I say: So you didn't find my briefcase.  That's what you're telling me.

He says: Not only did I not find your briefcase, but until now I had forgotten what it was that you asked me to look for.  When you first came here, you remember I was taking notes.  You imagined I was writing down the relevant facts as you stated them.  But I was just listening: when I listen, I like to doodle.  It did not matter what was missing: what was missing is simply a structural requirement for an adventure.  The adventure is about itself.  If by some happenstance that adventure leads me to find what is missing, then fine. 


I say: But you took my money.  We made a deal.

He says: We didn't make a deal: we signed a contract.  That contract was not contingent on my finding what was missing.  It simply enabled the process to get underway.

But do not despair.  I am writing a story about this case.  And I am doing it from your viewpoint.
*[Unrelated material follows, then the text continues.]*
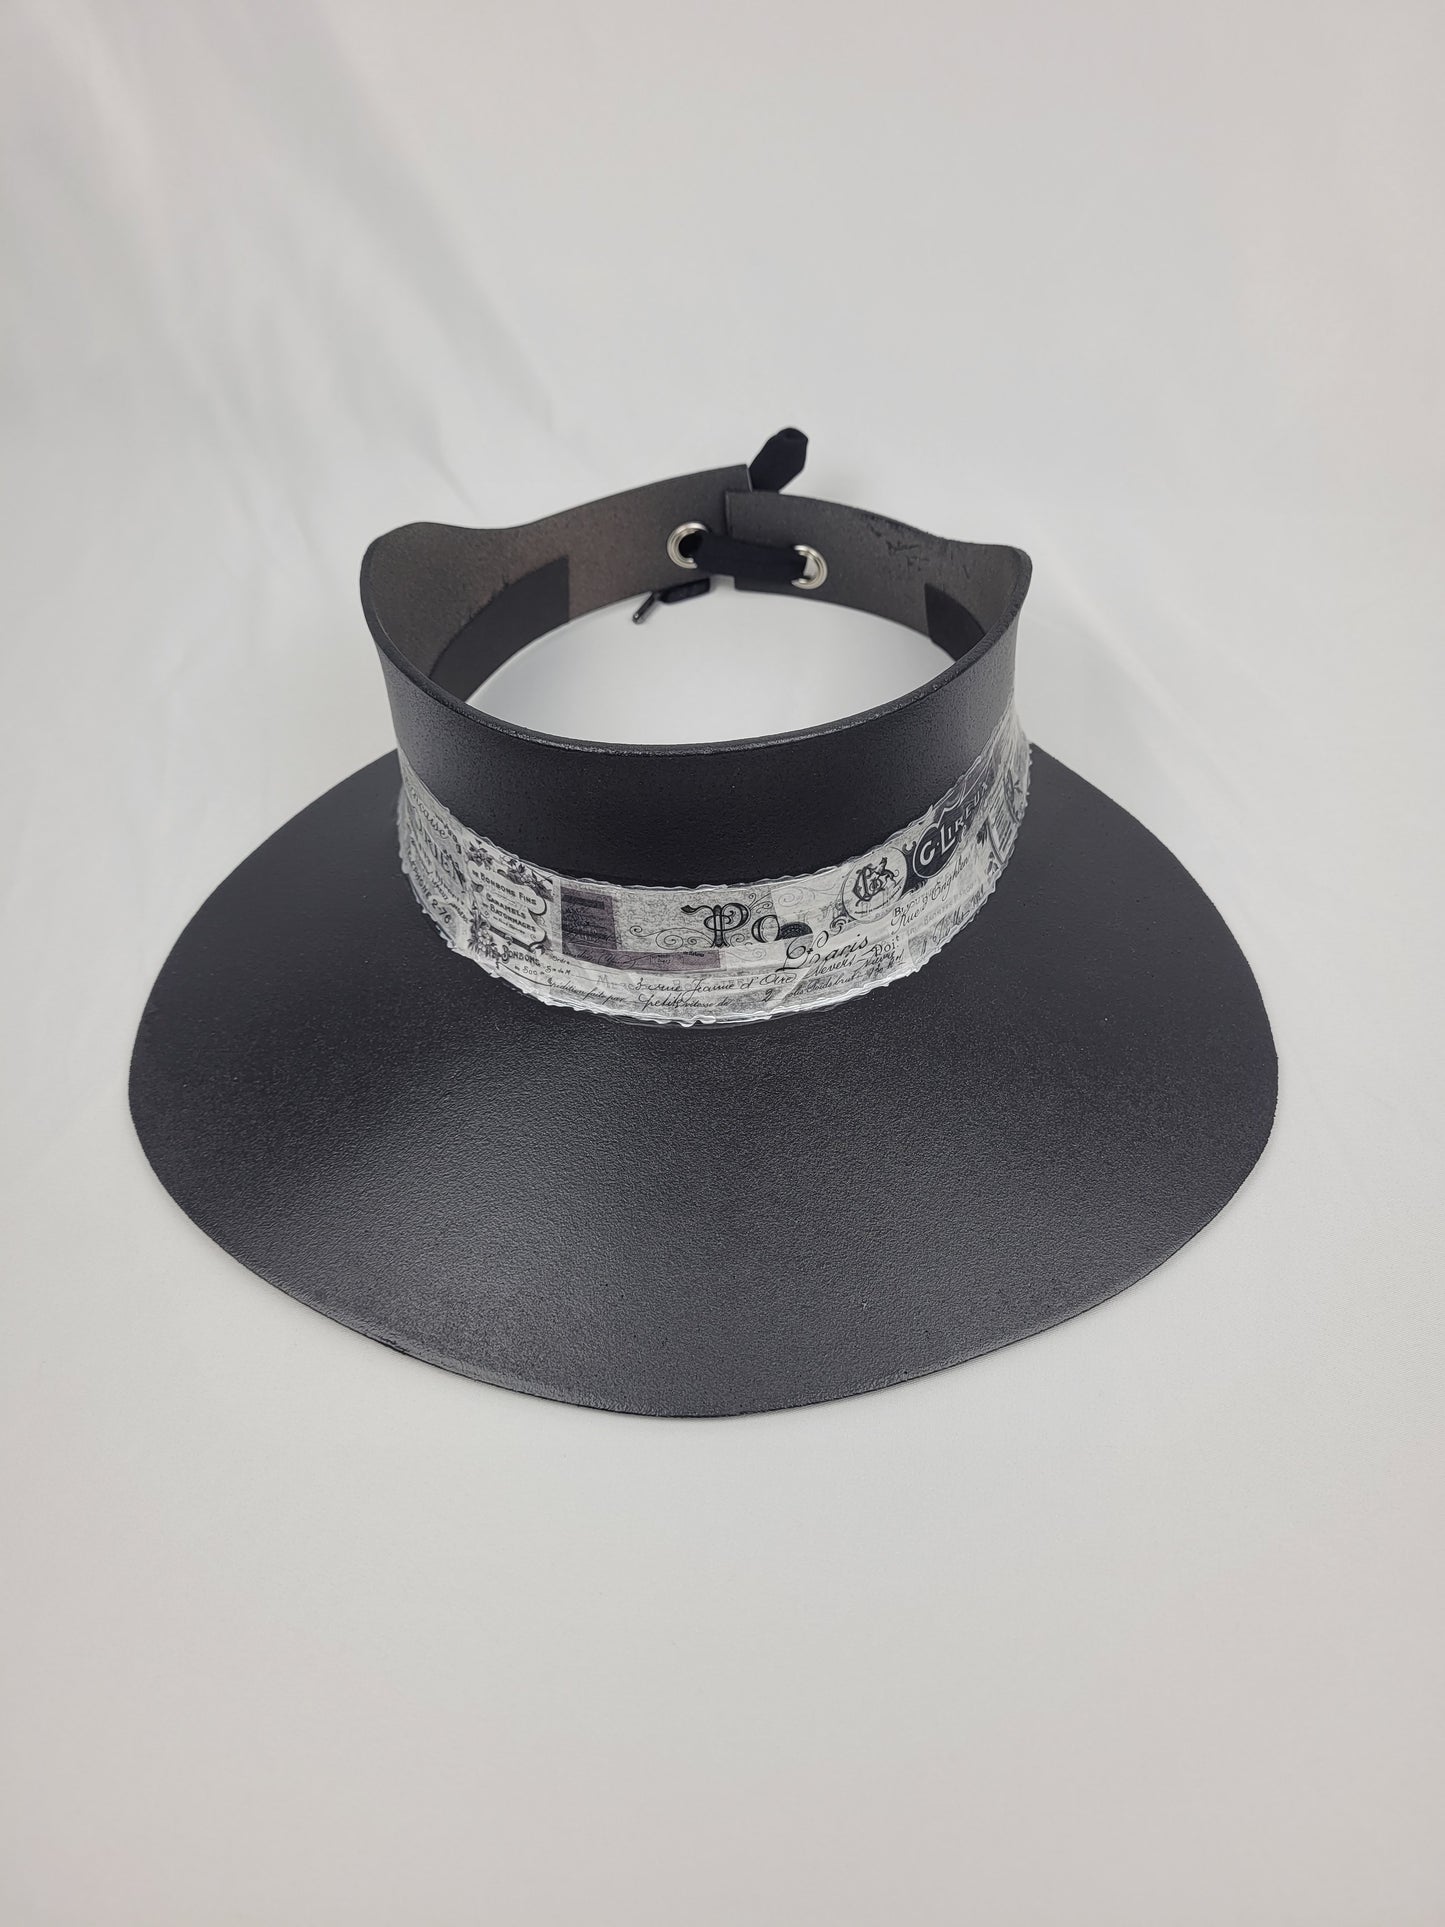 Timeless Black Audrey Sun Visor Hat with Paris Inspired Band and Silver Accents: Walks, Garden Parties, UV Resistant
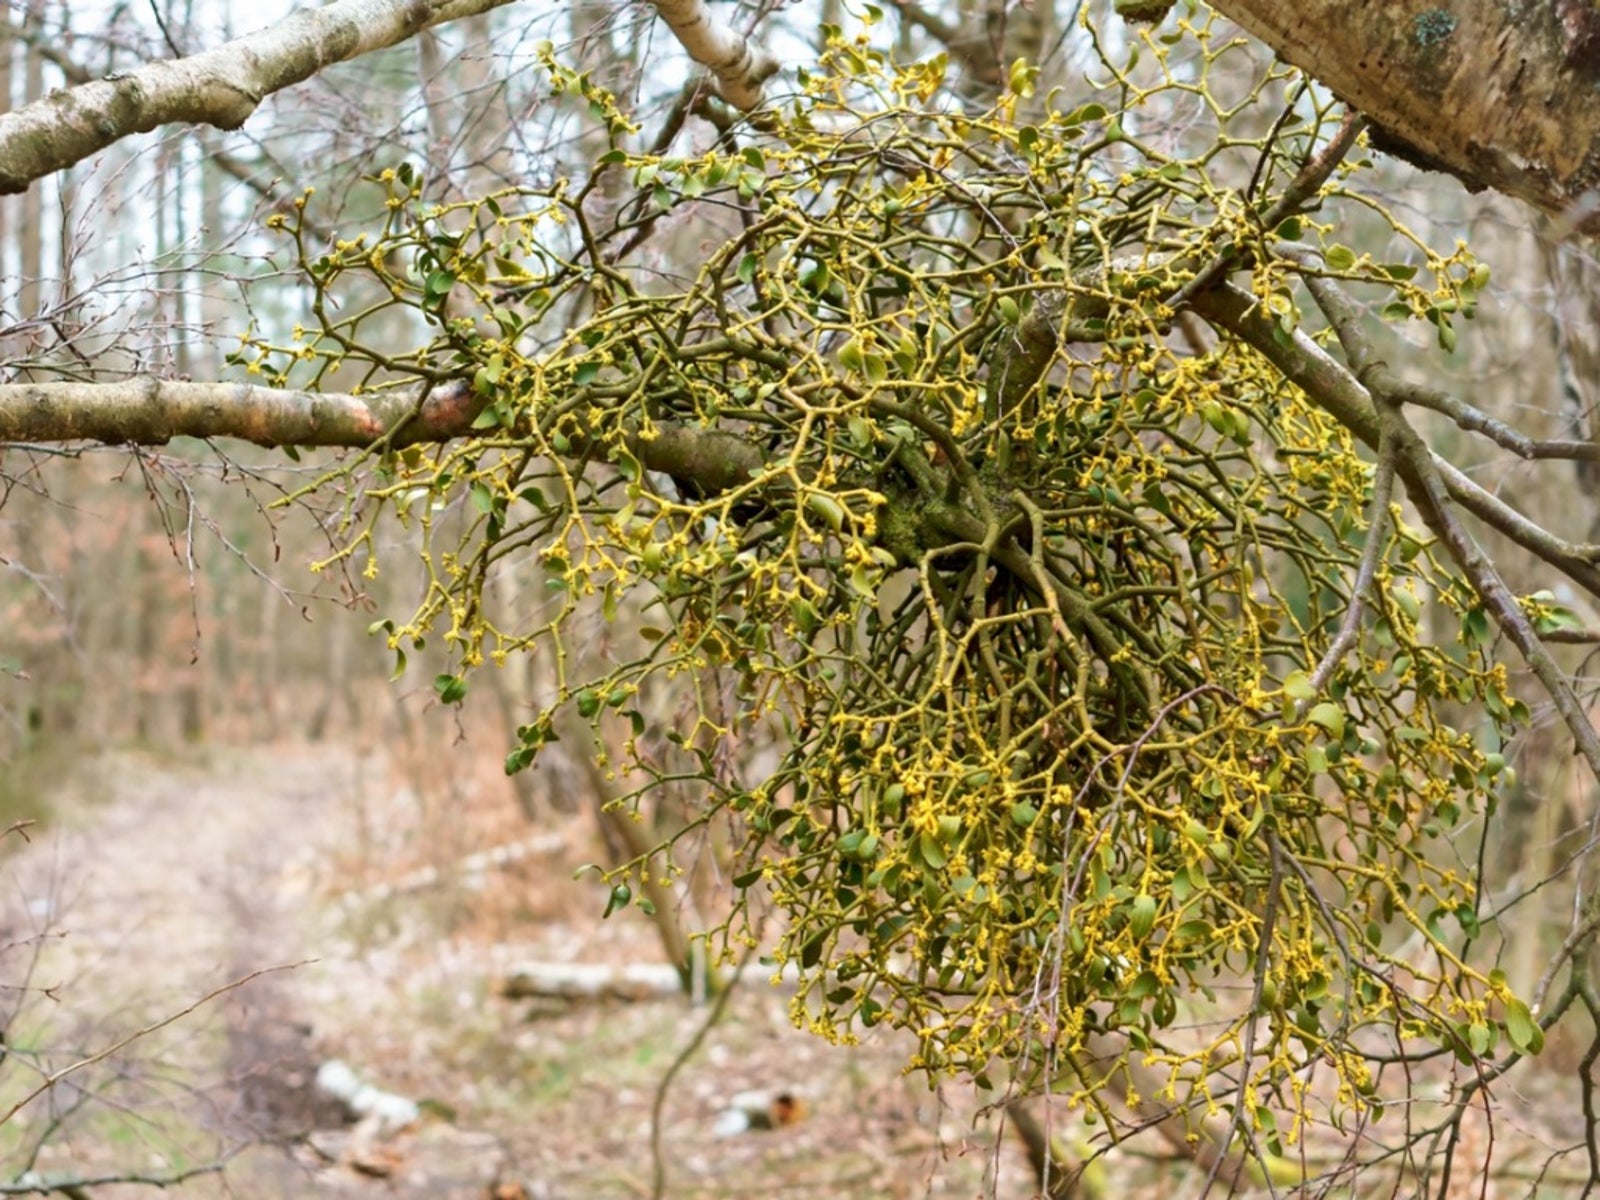 Parasitic Plant Info - Learn About Different Types Of Parasitic Plants

I will make you famous.

A story.

That's right.

Do you publish these stories?

He says: Were this already one of my stories, in response to that question I would no doubt insert here a discourse on the corrupt state of the publishing industry.  It would be the product of long cogitation, a ripping social critique. 

I should make a note of this.  Perhaps this is a good place for a chapter division.  I could be more expansive that way.  Yes.  And the conversation can pick up again on the far side.  O that's good.  That is very, very good.





                             For EK, madre mio, on the occasion of her diamond jubilee.